Results of this study suggest that air temperature is the primary factor influencing the flight activity of adult stoneflies, with higher temperatures resulting in greater flight activity. This is consistent with the study of other insect species (Taylor, 1963; Johnson, 1969; Peng et al., 1992), including aquatic groups such as Trichoptera (Waringer, 1991). There has been anecdotal evidence of the importance of temperature on the flight of adult stoneflies (Hynes, 1976), but this is the first study to document variability in flight activity in the field in relation to air temperature. In small streams, there is a close relationship between air and water temperatures (e.g. Crisp, 1997). Changes in water temperature are thought to trigger emergence of adult stoneflies (Singh et al., 1984; Gregory et al., 2000). It is therefore possible that part of the observed relationship between flight activity and air temperature is in fact a reflection of changes in the numbers of stoneflies emerging from the streams. Weekly counts of adult stoneflies collected in 10 emergence traps placed randomly in the study reaches (R. A. Briers et al., unpublished) enabled this to be tested for two species (L. inermis and S. torrentium) that were sufficiently abundant in the emergence traps to analyse. Weekly emergence counts were included along with meteorological variables in multiple regression analyses (see methods). In neither case was the number of adults emerging a significant predictor of flight activity. Therefore the results do appear to represent the effect of air temperature on flight activity rather than the emergence of adults.

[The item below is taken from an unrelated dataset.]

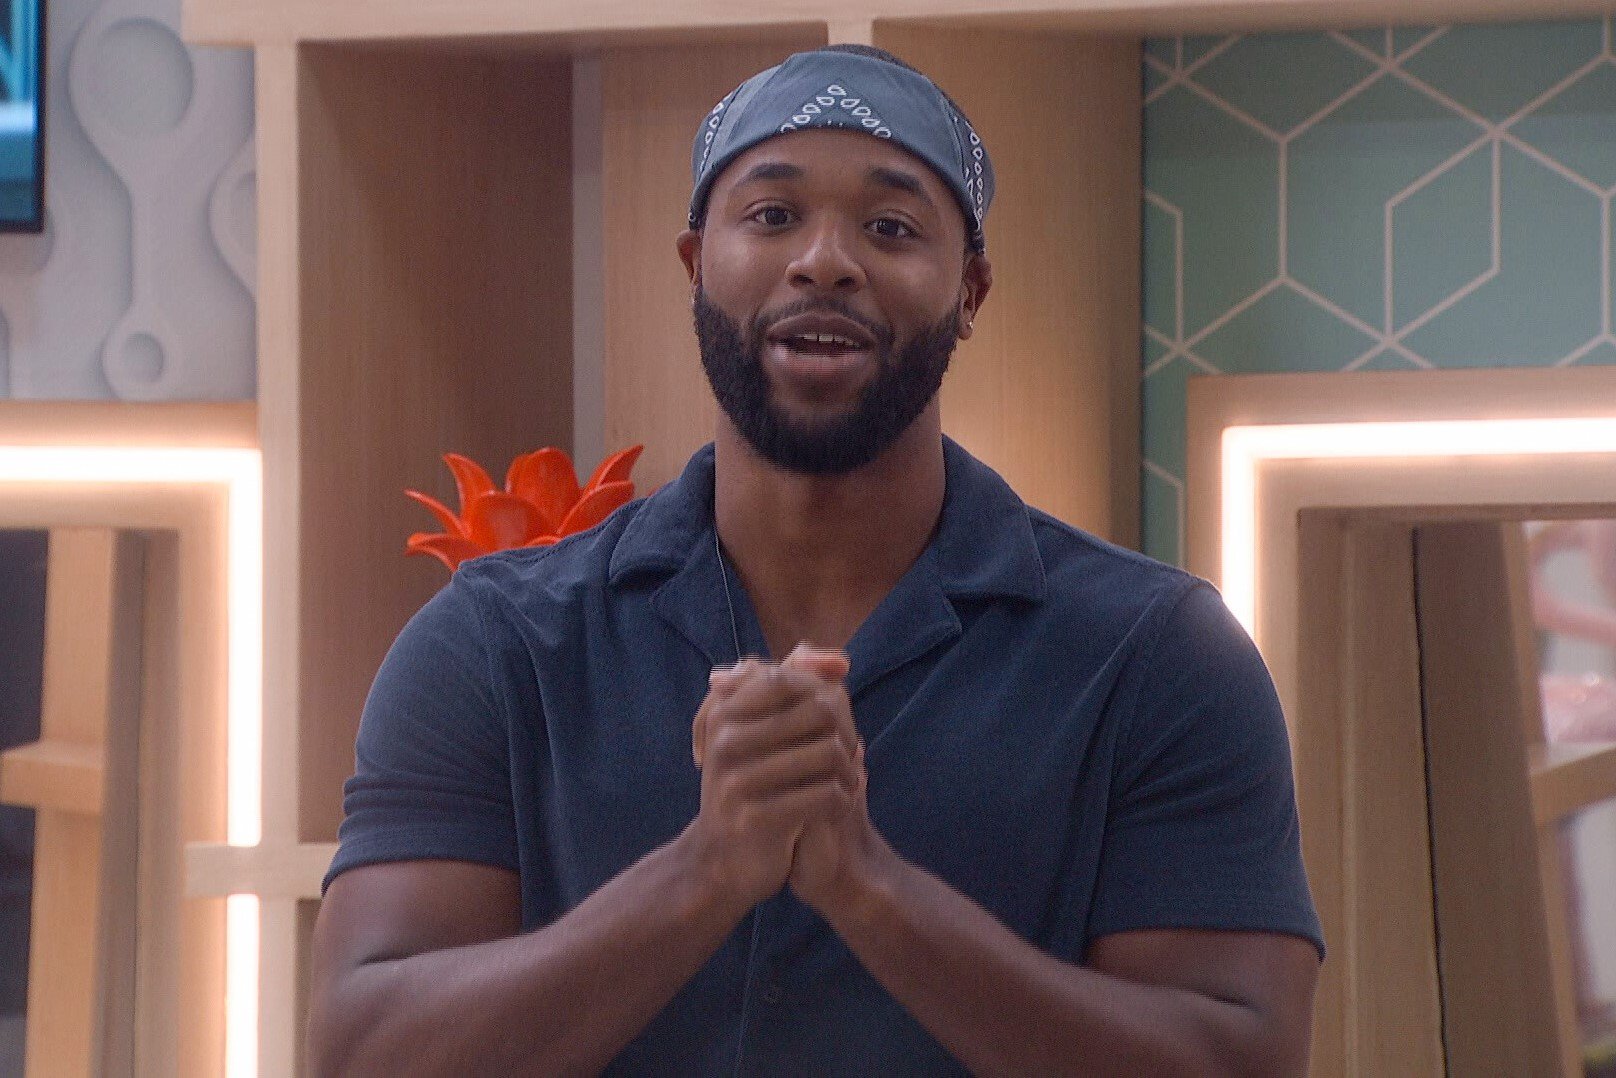 Monte Taylor, who, according to 'Big Brother 24' spoilers secured his spot in the final three, wears a dark blue polo shirt and blue bandana as a headband.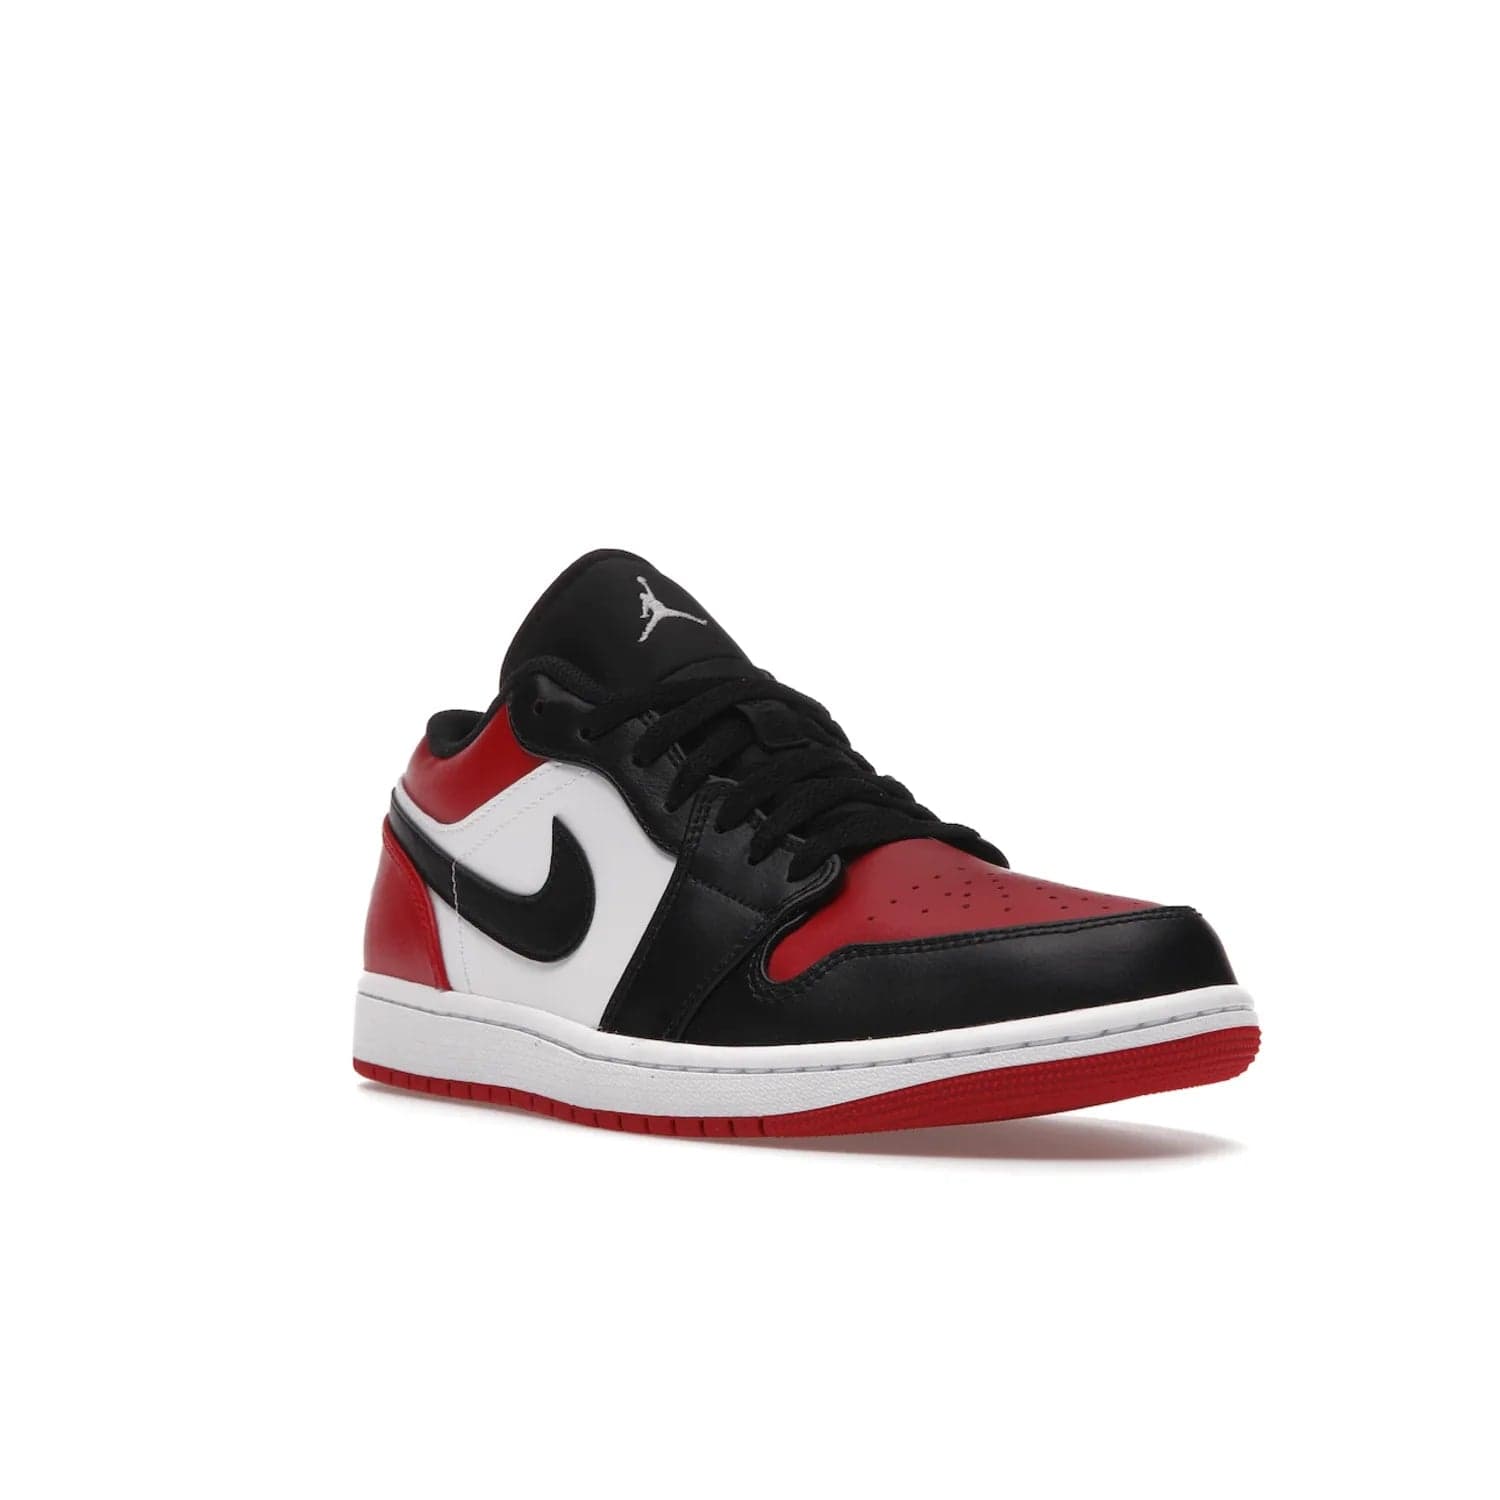 Jordan 1 Low Bred Toe - Image 6 - Only at www.BallersClubKickz.com - Step into the iconic Jordan 1 Retro. Mixing and matching of leather in red, black, and white makes for a unique colorway. Finished off with a Wing logo embroidery & Jumpman label. Comfortable and stylish at an affordable $100, the Jordan 1 Low Bred Toe is perfect for any true sneaker fan.

Wind speed was the only other meteorological variable that appeared to influence stonefly flight, with higher wind speeds being associated with lower flight activity. High wind speeds may influence the catching efficiency of the Malaise traps, by deforming their shape or changing airflow around the traps. In a study of forest macrolepidoptera, however, Butler et al. (1999) found that Malaise trap catches were influenced less by weather conditions than were blacklight traps, and at the wind speeds experienced at the study sites (Fig. 2) variation in trap efficiency due to the effects of wind is unlikely to have influenced the results. The relationship between wind speed and flight activity was only significant at the Gwy. This is likely to be a reflection of the greater exposure (resulting in higher wind speeds) of this site relative to the other sites.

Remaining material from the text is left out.